In a far departure from his high-profile draft selection and promising pro career, Hamilton was allowed to come and work for Winning Inning. He did not receive any pay and lived at the stadium. In exchange for his work, he was allowed to hit in the cages and talk with the coaches.

"I had chores. I worked. I did field maintenance, cut grass, cut trees, took out trash and cleaned toilets," Hamilton said. "If I didn't do those things, I couldn't play ball."

On June 30, 2006, Hamilton was cleared to return to play for the Rays organization. He played 15 games for low Class A Hudson Valley before a knee injury cut short the comeback.

The best chance ever
In the fall, when Major League clubs needed to protect players on their 40-man rosters, Hamilton was not protected by Tampa Bay. It left him exposed to the Rule 5 Draft in December.

Very quietly, the Reds began doing their due diligence on Hamilton. Senior director of scouting Chris Buckley, who lives in the Tampa Bay area, first tipped general manager Wayne Krivsky. Eventually, the consensus in the organization built.

"We decided there was no one in the Rule 5 Draft that compared to Josh in terms of raw ability," Krivsky said. "[And we thought,] 'Hey, this is well worth the gamble.'"

It turned out that Narron and Hamilton had a history. Narron's brother, Johnny, coached Hamilton as a teenager.

"My brother was saying, 'You have got to see this guy play. He is outstanding,'" Jerry Narron said. "I show up and I didn't know I was going to see a left-handed-throwing catcher. You could tell when he was 15 years old that he had tremendous ability and tremendous talent."

Krivsky kept the Hamilton discussions to a limited inner circle. Ownership wasn't notified for permission until two days before the draft. Even Narron wasn't informed until the night before at the Winter Meetings. Narron's jaw dropped when he was given the news.

"[Krivsky] had no idea that I had known him," Narron said.

To prevent another club from plucking Hamilton, the Reds made a deal with the Cubs to pick for them, who drafted ahead in line. Chicago wasn't told until it was handed a piece of paper with Hamilton's name on it just before the draft began.

"'Whoa, good call. I like it,'" Krivsky recounted being told by Cubs scouting director Tim Wilken.

Chicago selected Hamilton and then sent him to Cincinnati in exchange for cash.

Since the draft, Narron -- also a North Carolina resident -- began meeting with Hamilton twice a week and threw him batting practice. Also present at the sessions was Johnny Narron, the same former youth coach. Johnny Narron was recently named the Reds' video and administrative coach.

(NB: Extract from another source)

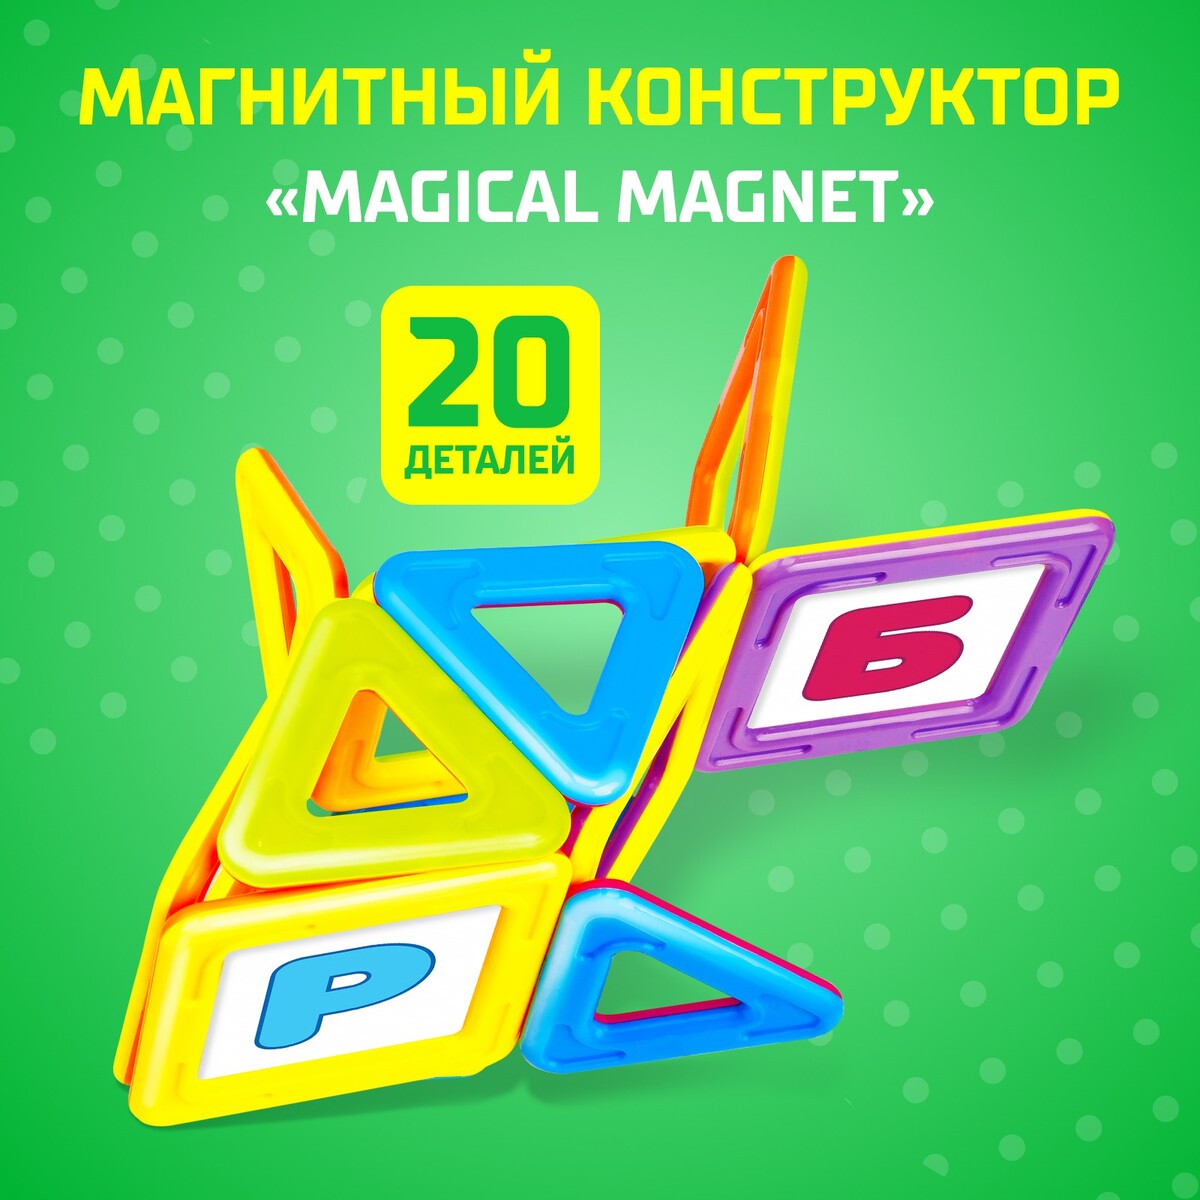 Магнитный конструктор magical magnet, 20 деталей, детали матовые конструктор магнитный домик 84 детали sima land

"I think the whole thing is set up for him to do extremely well," Jerry Narron said. "I know [Hamilton] doesn't have to worry about what the manager thinks of him as a person. That's got to be a huge load off his mind."

Because of the nearly four-year layoff, the odds of Hamilton making the Reds' roster are extremely long. But there have already been signs that there is plenty of life left in the swing that had everyone drooling seven years ago.

An early arrival to Spring Training, Hamilton has already deposited numerous batting practice home runs to parts beyond Ed Smith Stadium that many Reds hitters rarely reach.

Is there another All-American underdog comeback story in the making?

"I don't think there's anybody here with the combination of power and speed and the throwing arm that he has," Narron said. "It's a very, very difficult game to play when you're playing it every day, and he hasn't been able to play the last couple of years. There's some rust there. We're going to try our best to play him all we can this spring and see how close he is."

Hamilton has to remain on the Reds' 25-man roster all season or be exposed to waivers. If another club doesn't claim him, he must be offered back for $25,000 to the Devil Rays, who have already said they'd gladly take him back.

"Game situations, that's really when I need to not think about it and let my ability take over," Hamilton said of his baseball challenges. "Sometimes, that's the hardest thing to do. Baseball is fun. It's not hard."

If he makes it to the Majors, another world of money and temptation could be waiting for Hamilton. He says he has a "backup" plan to confront any issues. Katie carries all of his cash, and the family keeps only one car in Florida to reduce the urge of his taking off alone. The couple is deeply religious and on Monday, Hamilton frequently mentioned his faith as an aid to his staying clean.

If he makes the team this season, the Reds would make arrangements on the road for someone to hold Hamilton's meal money and plan to offer a support system.

"I know there are temptations," Hamilton said. "The devil is going to come at me hard. I don't know from where yet. We'll handle it when it comes.

"It's amazing I'm here with the Reds about four or five miles from where it all began as far as drug use. Sometimes God brings you back to times and places that we were. It might not have been the best of times. But it brings you back there when you're doing well to remind you where he brought you from."

For Hamilton, even that short distance was one heck of a long road.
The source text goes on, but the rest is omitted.